Finlayson Graham D, Zhu Yuteng
IEEE Trans Image Process. 2021;30:853-867. doi: 10.1109/TIP.2020.3038523. Epub 2020 Dec 4.
When we place a colored filter in front of a camera the effective camera response functions are equal to the given camera spectral sensitivities multiplied by the filter spectral transmittance. In this article, we solve for the filter which returns the modified sensitivities as close to being a linear transformation from the color matching functions of the human visual system as possible. When this linearity condition - sometimes called the Luther condition- is approximately met, the 'camera+filter' system can be used for accurate color measurement. Then, we reformulate our filter design optimisation for making the sensor responses as close to the CIEXYZ tristimulus values as possible given the knowledge of real measured surfaces and illuminants spectra data. This data-driven method in turn is extended to incorporate constraints on the filter (smoothness and bounded transmission). Also, because how the optimisation is initialised is shown to impact on the performance of the solved-for filters, a multi-initialisation optimisation is developed. Experiments demonstrate that, by taking pictures through our optimised color filters, we can make cameras significantly more colorimetric.
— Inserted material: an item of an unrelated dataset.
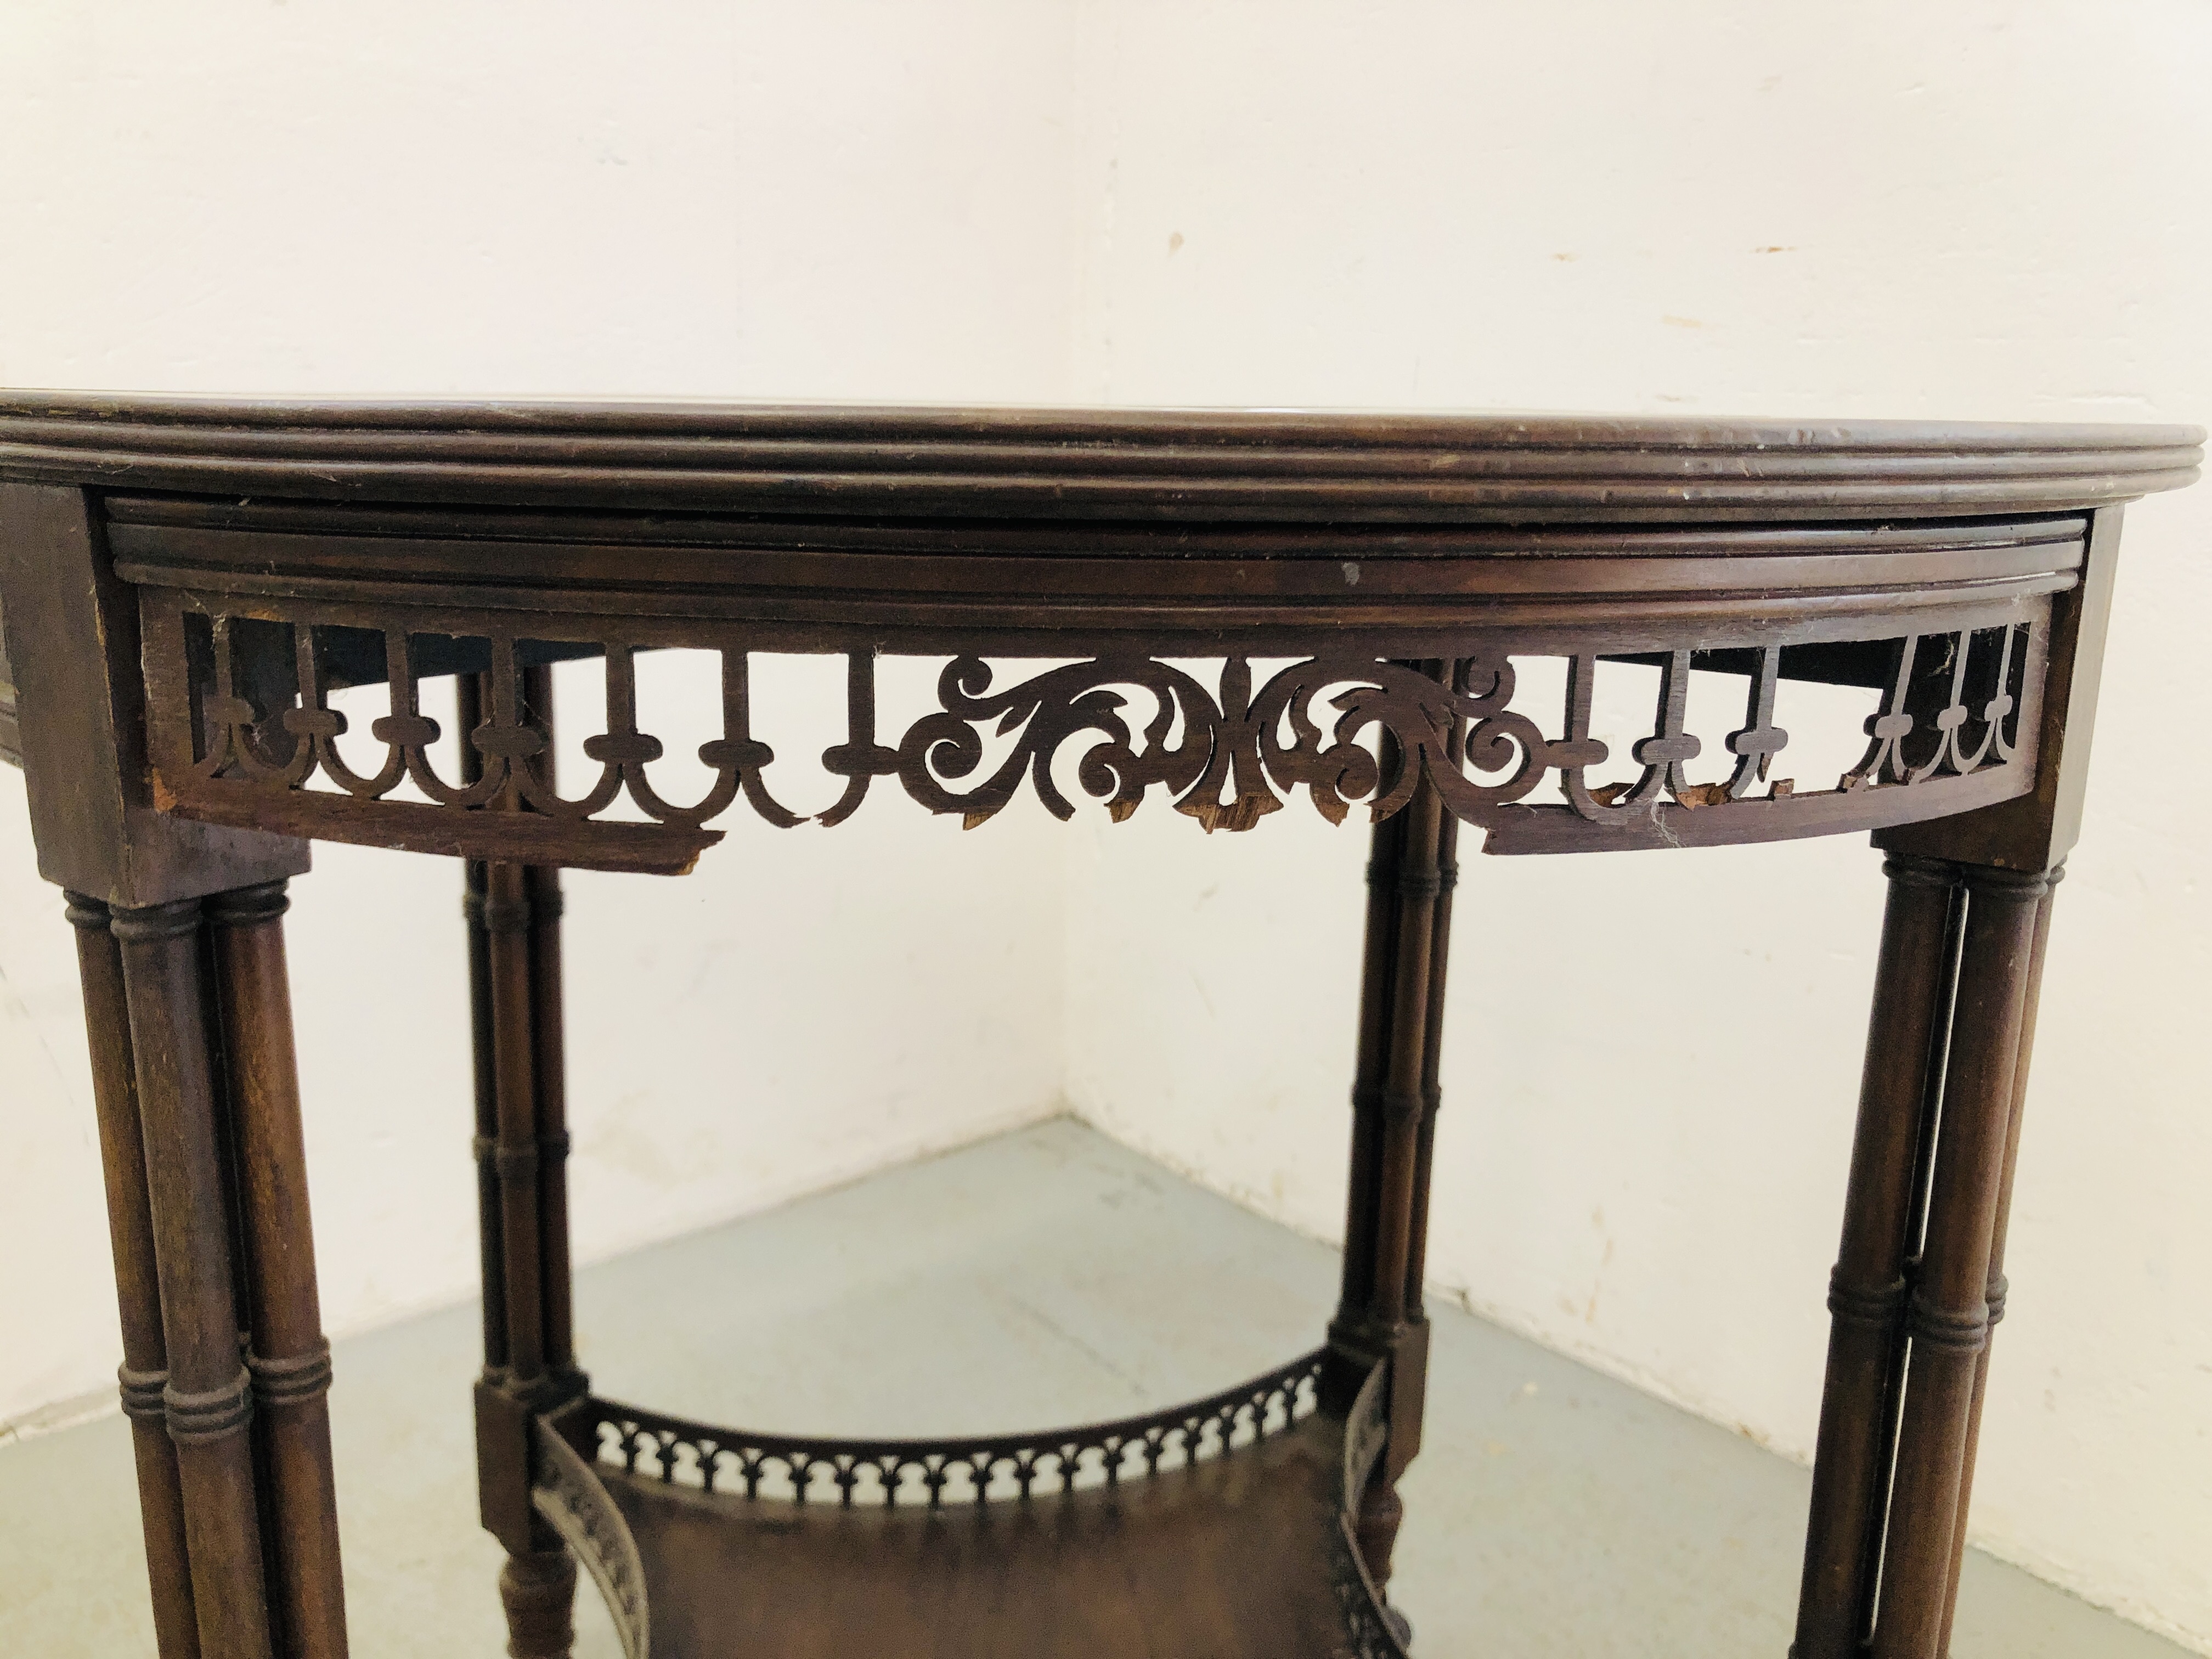 AN ANTIQUE CIRCULAR OCCASIONAL TABLE WITH FRET WORK DETAIL AND GALLERIED SHELF BELOW EACH LEGS - Image 4 of 10

当我们在相机前放置一个彩色滤光片时,有效的相机响应函数等于给定的相机光谱灵敏度乘以滤光片光谱透过率。在本文中,我们求解的滤光片要使修改后的灵敏度尽可能接近人类视觉系统颜色匹配函数的线性变换。当这个线性条件(有时称为路德条件)近似满足时,“相机 + 滤光片”系统可用于精确的颜色测量。然后,在已知实际测量表面和光源光谱数据的情况下,我们重新制定滤光片设计优化方案,以使传感器响应尽可能接近CIEXYZ三刺激值。这种数据驱动的方法进而扩展到纳入对滤光片的约束(平滑度和有限透射率)。此外,由于优化的初始化方式会影响求解出的滤光片的性能,因此开发了一种多初始化优化方法。实验表明,通过使用我们优化的彩色滤光片拍照,可以使相机在比色方面有显著提升。